The features of a programming language refer to the services and facilities provided by its developers to enable efficient and effective programming. These features are designed to simplify and streamline the development process, offering tools and capabilities that address a wide range of programming needs. Real-time programmers leverage these features to create robust, scalable, and efficient applications that solve real-world problems. By utilizing the language's built-in functionalities, developers can focus on crafting innovative solutions rather than reinventing common programming constructs.

Python's Simplicity Explained Through 3 Key Features.

  • Rich Set of APIs: Python provides a rich collection of Application Programming Interfaces (APIs), enabling developers to reuse pre-defined code efficiently. APIs in Python consist of modules, which are collections of functions, variables, and classes. This allows programmers to develop real-time applications with minimal effort, avoiding the need to write everything from scratch. 
  • Definition of API: An API (Application Programming Interface) is a collection of modules designed to simplify programming tasks by offering pre-built tools and functionalities.
  • Definition of Module: A module is a collection of functions, variables, and classes that can be imported and used in Python programs.

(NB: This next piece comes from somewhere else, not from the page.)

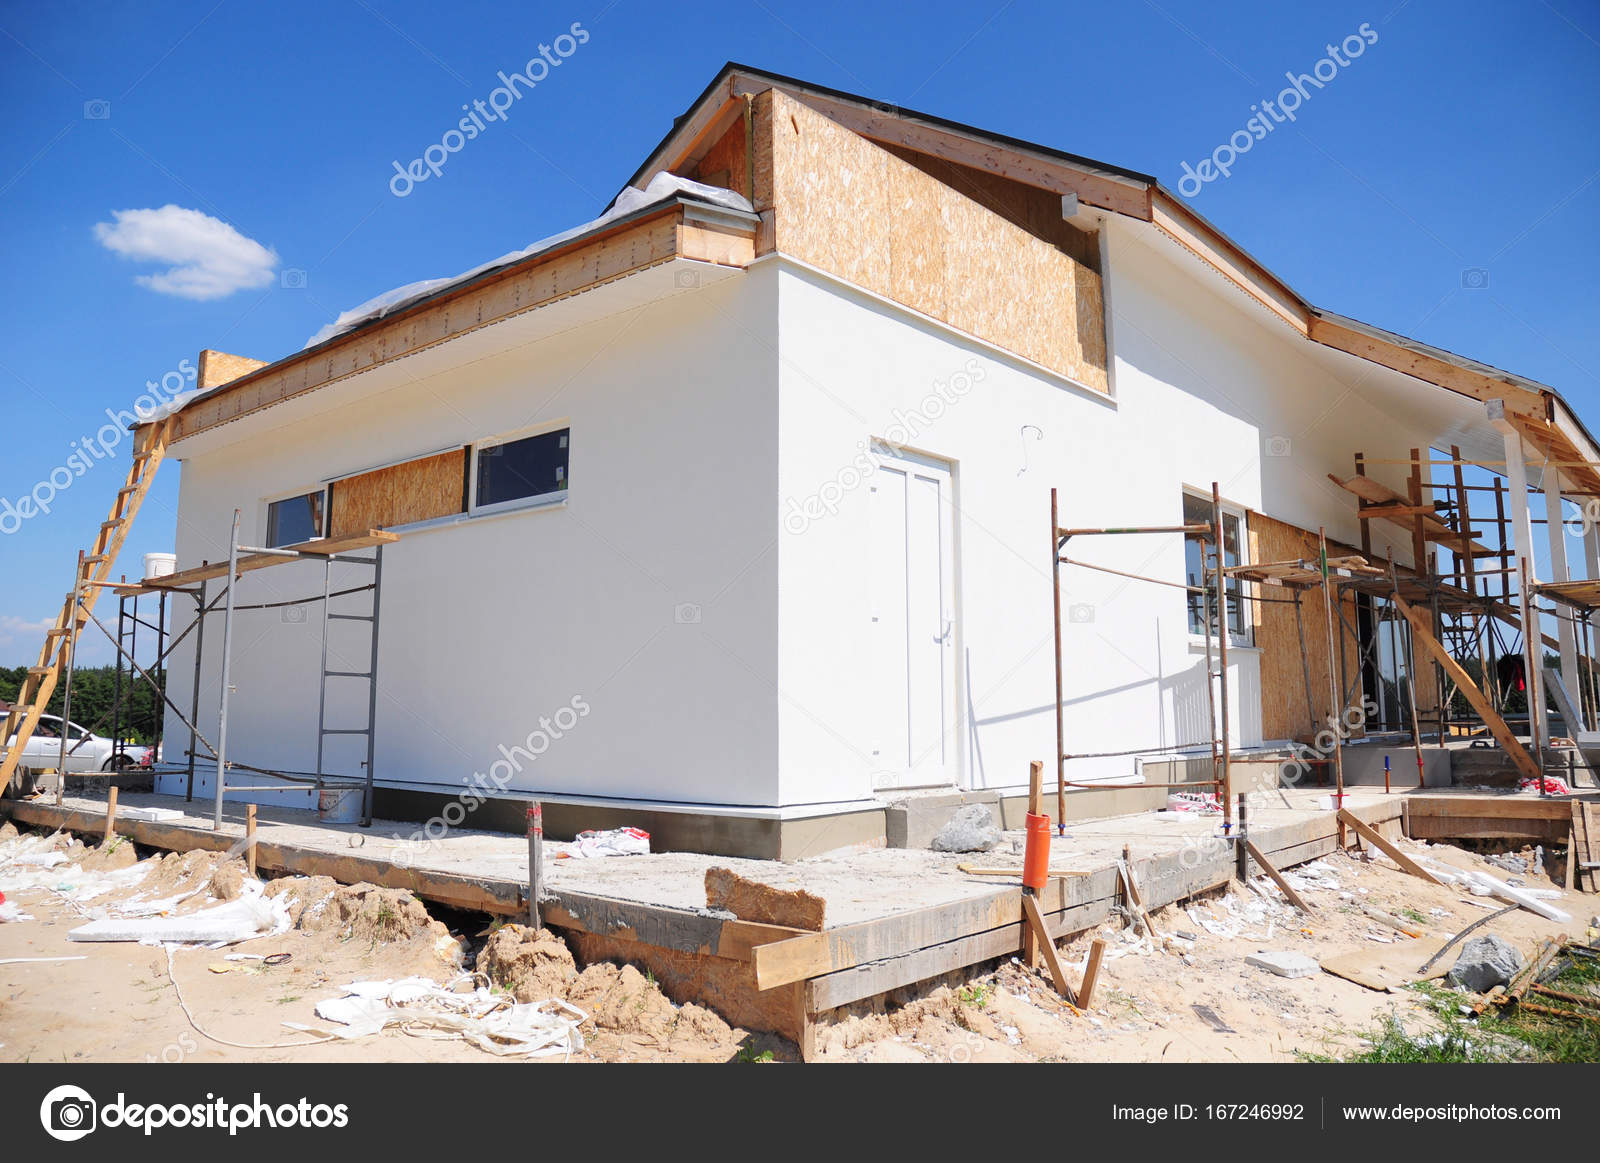 Onvoltooide huis huis verbouwing en renovatie huis wal met

  • In-Built Garbage Collector: Python includes an automatic garbage collector that runs in the background of every Python program. Its primary purpose is to manage memory efficiently by collecting and freeing unused memory spaces. This improves the performance of Python-based applications by preventing memory leaks.
  • Definition of Garbage Collector: The garbage collector is a background Python process that identifies and collects unused memory spaces during the execution of a program, enhancing application performance.
  • User-Friendly Syntax: Python offers simple and intuitive syntax, making it easy for developers to write error-free code in a limited time. This feature is especially useful for beginners and professionals seeking to develop applications quickly and efficiently.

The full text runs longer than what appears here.